Task to complete: Please copy exactly the lines that run from the start of the entries to the line containing "Украинская железная дорога", inclusive.

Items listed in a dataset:
>>>>>

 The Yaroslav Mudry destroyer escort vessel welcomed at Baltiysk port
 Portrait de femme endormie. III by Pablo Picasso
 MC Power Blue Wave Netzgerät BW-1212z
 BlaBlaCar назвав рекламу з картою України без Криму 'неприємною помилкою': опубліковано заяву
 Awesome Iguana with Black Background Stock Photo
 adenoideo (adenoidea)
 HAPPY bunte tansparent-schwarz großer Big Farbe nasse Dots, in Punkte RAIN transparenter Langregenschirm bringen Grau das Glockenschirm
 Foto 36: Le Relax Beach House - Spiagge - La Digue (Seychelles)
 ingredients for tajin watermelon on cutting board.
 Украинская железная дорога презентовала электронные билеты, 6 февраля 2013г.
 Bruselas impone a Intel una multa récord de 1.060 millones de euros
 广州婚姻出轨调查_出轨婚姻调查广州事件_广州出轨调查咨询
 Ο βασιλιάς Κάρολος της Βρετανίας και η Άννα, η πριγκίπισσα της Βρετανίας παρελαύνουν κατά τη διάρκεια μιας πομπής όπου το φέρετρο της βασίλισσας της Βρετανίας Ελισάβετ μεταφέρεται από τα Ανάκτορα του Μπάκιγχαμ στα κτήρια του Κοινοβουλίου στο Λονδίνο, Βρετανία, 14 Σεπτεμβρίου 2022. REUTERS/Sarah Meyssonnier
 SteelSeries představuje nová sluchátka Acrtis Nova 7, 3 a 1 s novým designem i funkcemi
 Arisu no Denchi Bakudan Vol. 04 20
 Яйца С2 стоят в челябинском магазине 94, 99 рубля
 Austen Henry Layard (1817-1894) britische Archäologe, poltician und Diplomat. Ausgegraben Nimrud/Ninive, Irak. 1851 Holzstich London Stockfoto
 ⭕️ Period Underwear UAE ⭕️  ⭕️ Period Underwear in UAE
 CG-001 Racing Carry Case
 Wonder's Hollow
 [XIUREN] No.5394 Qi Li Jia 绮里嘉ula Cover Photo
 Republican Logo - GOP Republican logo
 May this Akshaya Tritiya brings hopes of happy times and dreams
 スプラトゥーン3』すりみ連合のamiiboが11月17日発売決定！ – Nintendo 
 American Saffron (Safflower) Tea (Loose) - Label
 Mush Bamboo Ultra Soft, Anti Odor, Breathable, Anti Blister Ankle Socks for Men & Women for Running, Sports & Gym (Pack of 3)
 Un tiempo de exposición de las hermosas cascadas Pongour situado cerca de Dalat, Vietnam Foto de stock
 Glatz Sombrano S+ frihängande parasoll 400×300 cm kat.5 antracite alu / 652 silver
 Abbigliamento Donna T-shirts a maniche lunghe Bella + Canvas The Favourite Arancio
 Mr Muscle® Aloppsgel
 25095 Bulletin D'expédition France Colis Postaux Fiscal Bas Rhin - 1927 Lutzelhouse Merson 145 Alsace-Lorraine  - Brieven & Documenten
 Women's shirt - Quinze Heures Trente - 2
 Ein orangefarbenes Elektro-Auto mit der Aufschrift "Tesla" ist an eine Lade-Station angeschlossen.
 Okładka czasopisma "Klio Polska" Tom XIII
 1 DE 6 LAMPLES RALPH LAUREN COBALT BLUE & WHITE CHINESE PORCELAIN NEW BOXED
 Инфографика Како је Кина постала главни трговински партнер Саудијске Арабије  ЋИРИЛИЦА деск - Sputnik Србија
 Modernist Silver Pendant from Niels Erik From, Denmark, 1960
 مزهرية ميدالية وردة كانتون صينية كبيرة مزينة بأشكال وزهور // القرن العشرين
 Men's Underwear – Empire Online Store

<<<<<

Result of this exercise:
 The Yaroslav Mudry destroyer escort vessel welcomed at Baltiysk port
 Portrait de femme endormie. III by Pablo Picasso
 MC Power Blue Wave Netzgerät BW-1212z
 BlaBlaCar назвав рекламу з картою України без Криму 'неприємною помилкою': опубліковано заяву
 Awesome Iguana with Black Background Stock Photo
 adenoideo (adenoidea)
 HAPPY bunte tansparent-schwarz großer Big Farbe nasse Dots, in Punkte RAIN transparenter Langregenschirm bringen Grau das Glockenschirm
 Foto 36: Le Relax Beach House - Spiagge - La Digue (Seychelles)
 ingredients for tajin watermelon on cutting board.
 Украинская железная дорога презентовала электронные билеты, 6 февраля 2013г.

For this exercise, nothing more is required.